Page 15 of False Start

“Because it’s been three days, and he hasn’t been at school. I’m worried.”

“Do you actually like him?” He looks pissed-off, and I can’t decide if it’s because he hates Calvin or if it’s because Calvin is a guy. I don’t want to think that way about my best friend—but he’s straight, and this is Big Bend. No matter how cool he’s playing it, he may not be all that okay with this.

“No. He’s a dickhead.” He looks partially relieved but still concerned. “I just... being outed sucks.”

He seems to think that over for a moment, adjusting his backpack on his shoulder. “But you did kiss him...”

It’s kind of a question and kind of a statement. I’m not sure what he wants from me right now. “You really want to talk about this?” I ask, starting toward my truck again.

I get to the door, and he moves to the passenger side, even though I tried to hint that this is a solo mission. He opens the door and climbs in. I huff and slide behind the wheel but don’t start it up. “I want you to talk to me. And I’m not letting you go see Calvin the dickhead alone.”

I roll my eyes. “I can handle him.” But I start the truck anyway because I’m not going to win this argument.

“So, do you like him?”

I grip the steering wheel and start toward Calvin’s house. “No. Not like that, I don’t. And not in any way. But I know what it’s like to hide who you are. While it made him angry, and he was a total dick to me, I can kind of understand it.”

“I can’t.” Vaughn folds his arms, and I try not to laugh at him, but he’s being ridiculous.

“That’s because you’re the town’s golden boy. Doing everything they deemright.”

He frowns and drops his folded arms. “You know I’m not perfect.”

I laugh and shove him playfully. “Of course I know that. I’m your best friend. But I’m just saying...”

“That you think I’ve had it easy.”

God, not that kicked puppy look again. “Vaughn, I know life is never easy. It’s not that. But being different—in a town like this—it’s hard. And I’m worried about Calvin.”

“Okay,” he says softly. “But did you have to kiss him?”

I laugh at the grossed-out face he’s wearing and punch him in the shoulder again. “He kissed me, asshole.”

“Did you like it?”

I park in front of Calvin’s house and turn the truck off, slowly looking at my best friend. “Do you actually want to know the answer to that?” Because he can’t want to know if the kiss was good.

“Yes,” he says emphatically.

I sigh and look out the windshield because I can’t look at him. “It felt right.”

I can hear his shock. “What?”

I turn to look at him and see he looks horrified. “Remember when Misty kissed me in seventh grade?” He nods his head slowly. “It was nice—but off.”

“You said you liked it.”

“What was I going to say, Vaughn?
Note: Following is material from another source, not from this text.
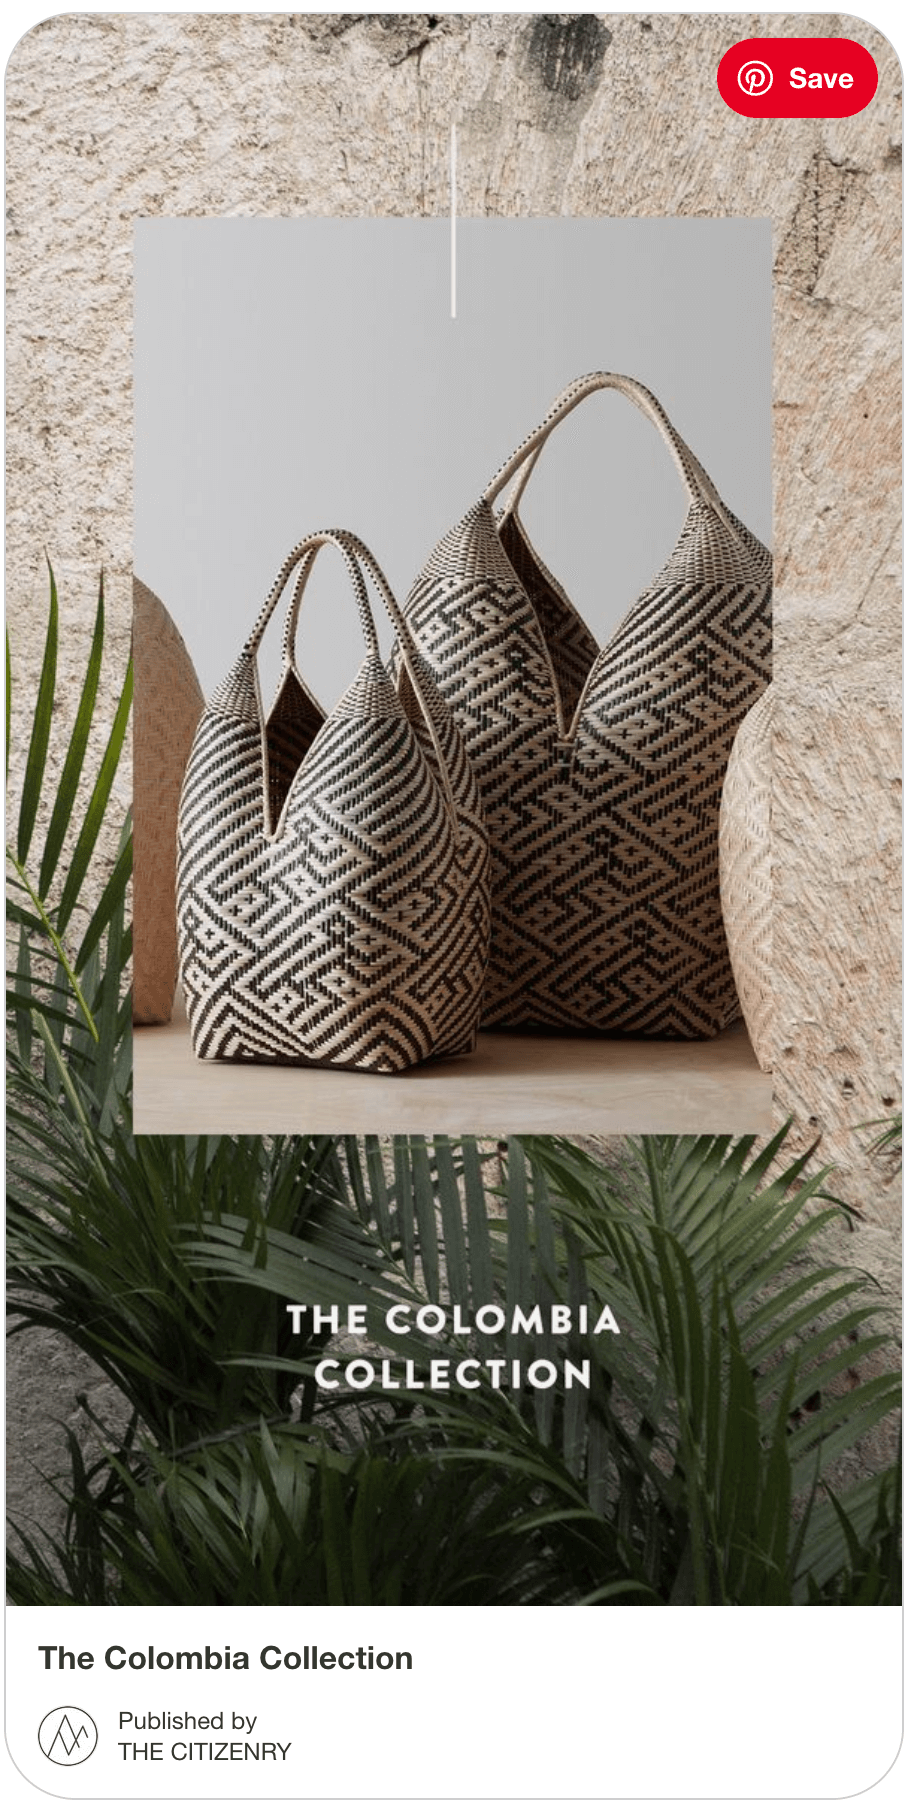 A collection ad for The Citizenry's Colombia Collection. The image features two handbags of different sizes

That I was a thirteen-year-old guy who didn’t feel a thing when a really pretty girl kissed him?”

“If it was the truth, yeah.”

I sigh again and look out the window, past him. “It’s not that simple.”

“But it felt right withCalvin?” He says his name with disgust.

“Not right like I want him or like I love him. Right like...” I swallow hard and look into his eyes. “Like that thing that was missing with Misty wasn’t missing with him. Like I wasn’t so broken. Because it felt good, until he shoved me and told me he’d kick my ass if I ever told anyone.”

His eyes flash with anger, and I put a hand on his arm to try to calm him. “That fucker.”